Eine Lösung der Frage nach dem ungewöhnlichen Löwen im fürstlichen Wappen bietet sich
indes an: Die ab dem frühen 12. Jahrhundert nachweisbare ritterliche Familie der
Herren von Alfter führte als Wappen im goldenen Feld drei rote Balken, denen ein
silberner, goldgekrönter Löwe bzw. Leopard aufgelegt war. Durch weibliche
Erbfolge gelangten Schloss und Herrlichkeit Alfter (und als deren Teil auch der
Quellenort Roisdorf) in der Mitte des 15. Jahrhunderts an die Grafen von Salm,
Herren zu Reifferscheidt und Dyck.

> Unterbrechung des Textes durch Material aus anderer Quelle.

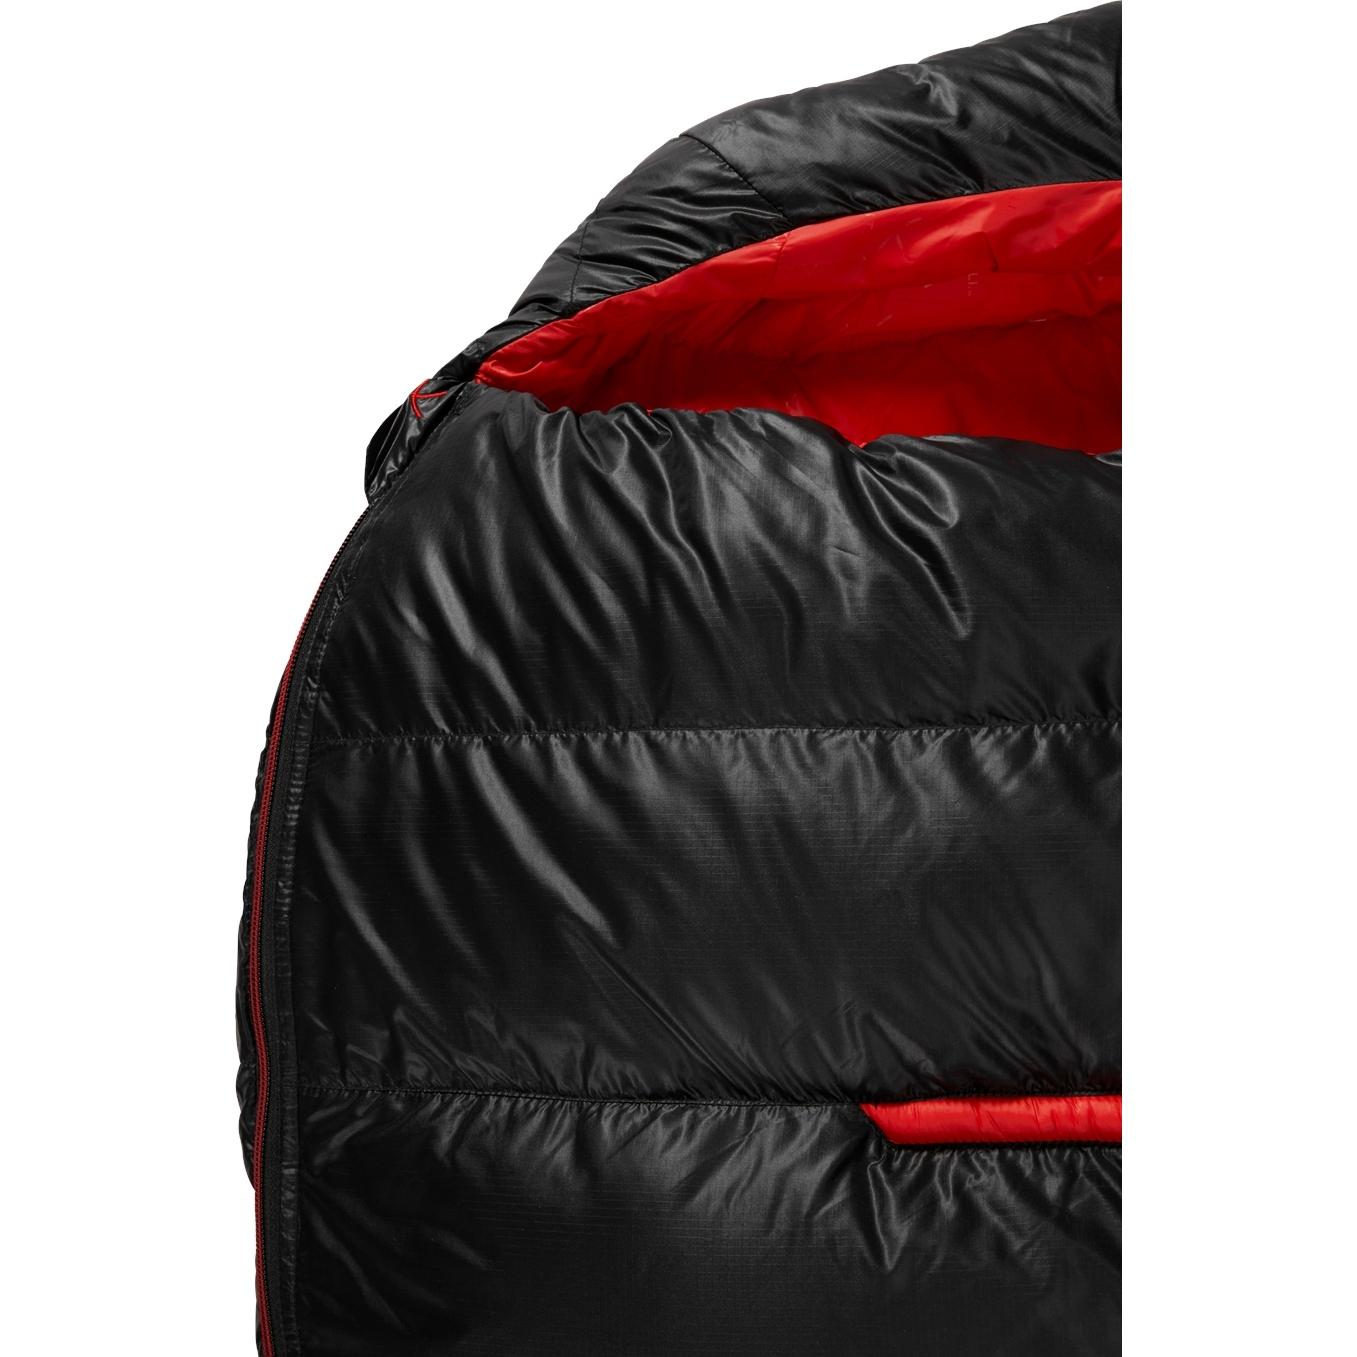 Bild von Y by Nordisk VIB 400 L Schlafsack - black/fiery red

Nach der Erhebung der Grafen in den
Fürstenstand durch den preußischen König Friedrich Wilhelm III. im Jahre 1816
wurde der Alfter Löwe im fürstlichen Wappen weitergeführt. Heute bildet das alte
Löwenwappen der Herrlichkeit das offizielle Alfterer Gemeindewappen (siehe als
Anlage alftwapp.jpg). Es ist somit anzunehmen, dass man in den späten 1820er
oder frühen 1830er Jahren kurzzeitig den - wenngleich heraldisch vereinfachten -
Alfterer Löwen statt der Salme und Rauten als Stempelzeichen wählte, mithin ein
stärker den Ort der Quelle verweisendes Element des fürstlichen Wappens.

Nun war jedoch die Alfterer Herrlichkeit bereits durch die französische
Verwaltung aufgelöst worden, gehörte Roisdorf seit dem Frieden von Luneville
1801 offiziell zur neueingerichteten Mairie de Waldorf bzw. nach der Übernahme
der Rheinlande durch Preußen zur Bürgermeisterei Waldorf/ Bornheim.
Brunnenpächter von Carnap war Bürgermeister von Waldorf und Präsident des
preußischen Provinziallandtags. Er änderte die Stempelumschrift in "Roisdorf bei
Coeln" und setzte zudem mit Großbuchstaben "RHEIN-PREUSSEN" hinzu. Ihm ist es
also durchaus zuzumuten, dass er den Löwen als anachronistischen Hinweis auf die
nicht mehr existierende Herrlichkeit Alfter empfand und ihn wieder durch die
Salme und Rauten der Fürsten Salm ersetzte.

Übrigens wählte Wilhelm Custor, Brunnenpächter ab 1876, für seine Stempel
(Roisdorf 11 a-c) eine Version des fürstlich Salmschen Wappens, das den Alfterer
Löwen nicht enthält. Das von Ihnen als Löwe angesprochene Element ist in
Wirklichkeit ein Greif. Eine Abbildung aus der Festschrift zur Erinnerung an das
25-jährige Bestehen der Brunnenverwaltung durch Custor (custor.jpg) füge ich
bei..

Soweit meine Überlegungen zu dem Löwen-Stempel, die, zugegeben, nicht über
Mutmaßungen und Wahrscheinlichkeiten hinauskommen, von denen ich aber hoffe,
dass Sie Ihnen ein wenig hilfreich sein werden.